NÃO ESTAMOS JULGANDO APENAS LULA!

Mais uma vez o debate político fica em torno da figura do ex presidente Luiz Inácio Lula da Silva, dessa vez numa decisão extremamente importante para os rumos do estado democrático de direito brasileiro, infelizmente o momento de polarização torna as questões jurídicas, sociais e implicações para o futuro secundárias em relação ao que se está decidindo

É uma clara posição que afetará a vida de diversos brasileiros que buscam provar sua inocência, da sociedade como um todo e não apenas de um ex presidente.

A exposição à exaustão do processo pela mídia, é visivelmente um casuísmo pregado por aqueles que aderiram a velha ideia do inimigo a ser vencido, uma estratégia política e eleitoral historicamente muito eficiente utilizada diversas vezes

Na prática funciona assim: O inimigo é tudo aquilo que se entende como esquerda, ele “destruiu o Brasil”, quer transformar o país numa república socialista, precisa ser derrotado e Lula, é o símbolo maior desse inimigo

Muitos dos que aderem a esse discurso e acham que os fins justificam os meios e isso é grave! Pensar assim te faz tomar atitudes como apoiar um governo autoritário sem compromisso com a democracia, disparar tiros contra uma caravana de um candidato ou achar isso algo justificável.

A idéia da prisão em segunda instância é reflexo disso.
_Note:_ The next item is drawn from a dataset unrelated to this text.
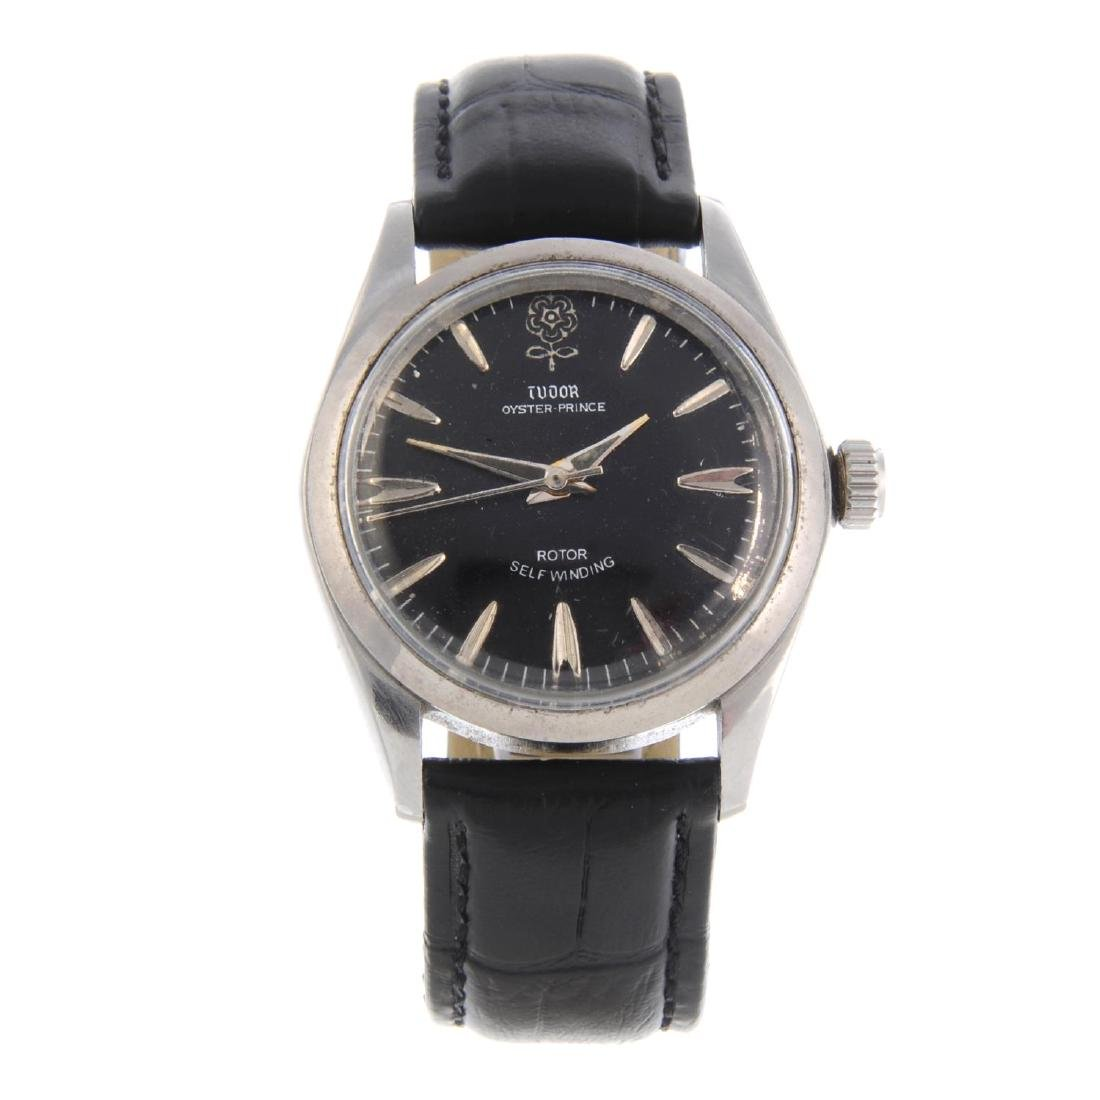 TUDOR - a gentleman's Oyster-Prince wrist watch.
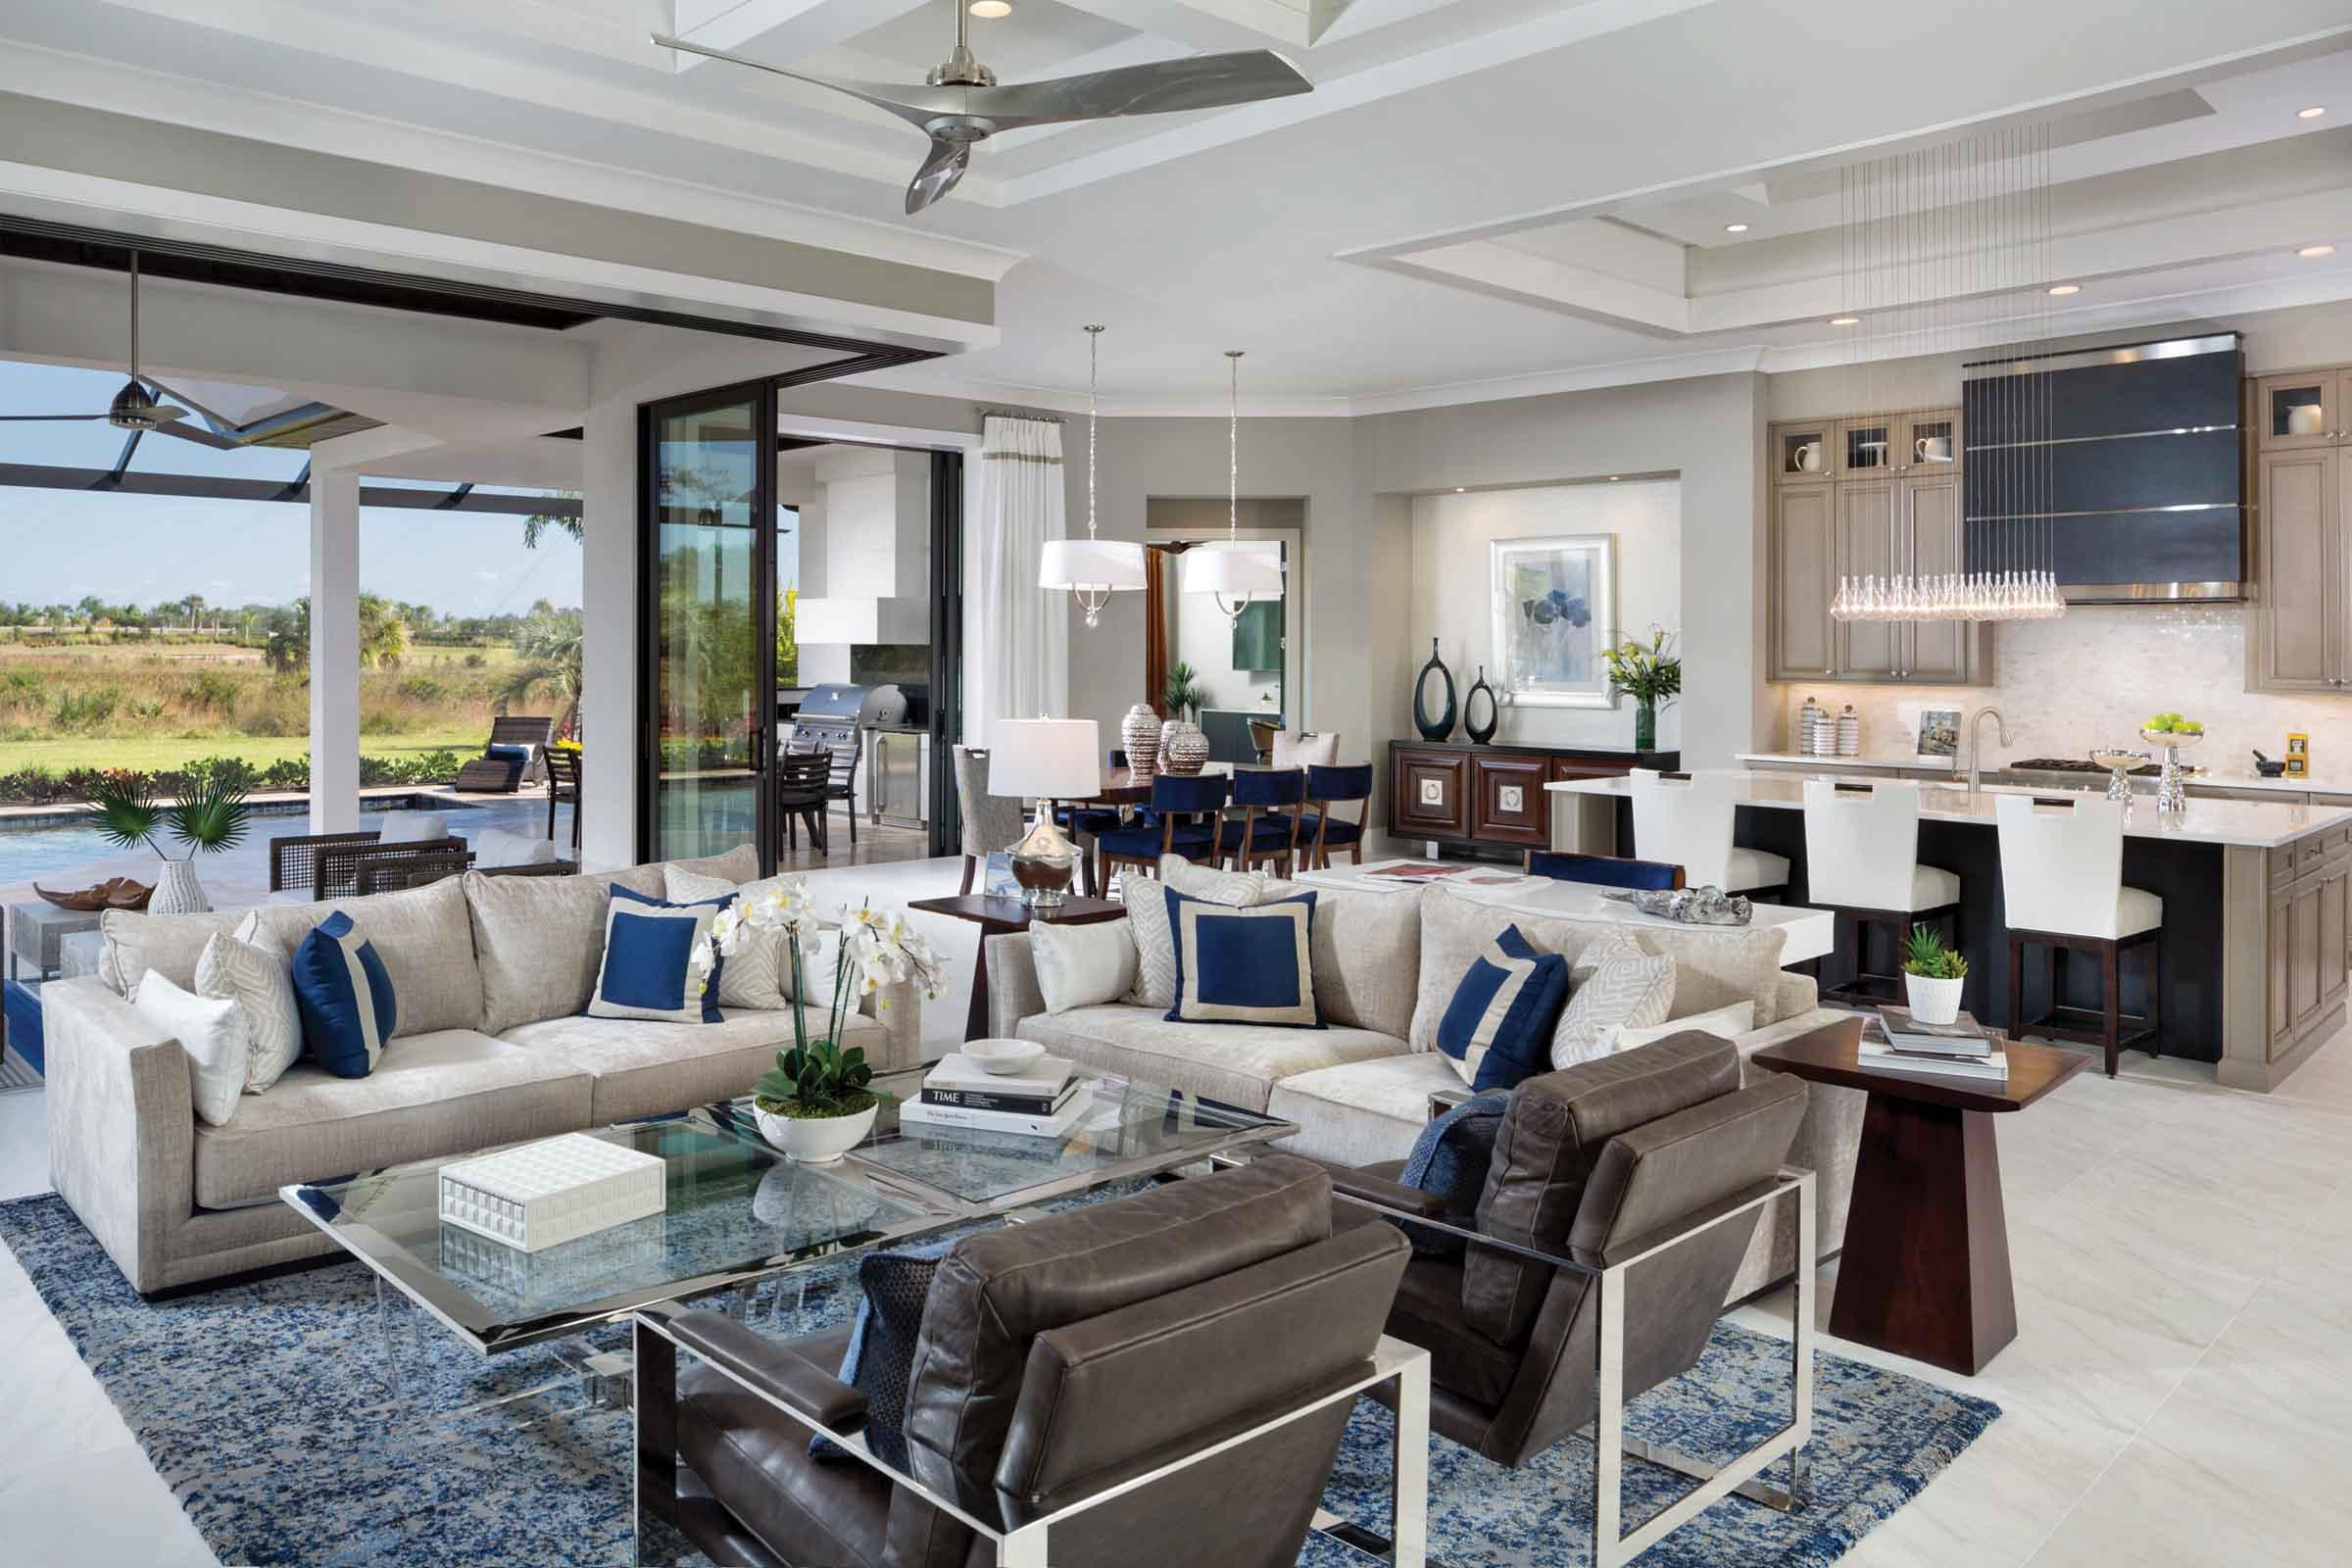 10157 Sandpine Lane, Hobe Sound, Florida 33455, 4 Bedrooms Bedrooms, ,4 BathroomsBathrooms,A,Single family,Sandpine,RX-10474993

Na ânsia de se fazer mudanças começamos a restrigir direitos achando que essa é a solução.

A presunção de inocência é um direito histórico e importante que estará frontalmente ferido caso decidamos executar uma medida como proceder com prisões em segunda instância, uma vez que o réu só é considerado culpado esgotadas as possibilidades de recurso e a segunda instância não é a última delas.

É fato que a morosidade da justiça é um problema que possibilita manobras que contribuem para impunidade sejam utilizadas, entretanto a maneira de corrigir isso é acabar com a morosidade e não pela restrição de direitos.

Inclusive a história comprova que a sociedade se torna mais segura ao se garantir direitos e não ao se restringir.

O julgamento de hoje não pode ser ser feito tomando como base de decisão a panela de pressão da opinião pública, e sim as tigelas cheias do direito e da democracia.

A justiça não deve olhar para casuísmos, pois é cega!

Moisés Corrêa, Professor. Rio de Janeiro, RJ.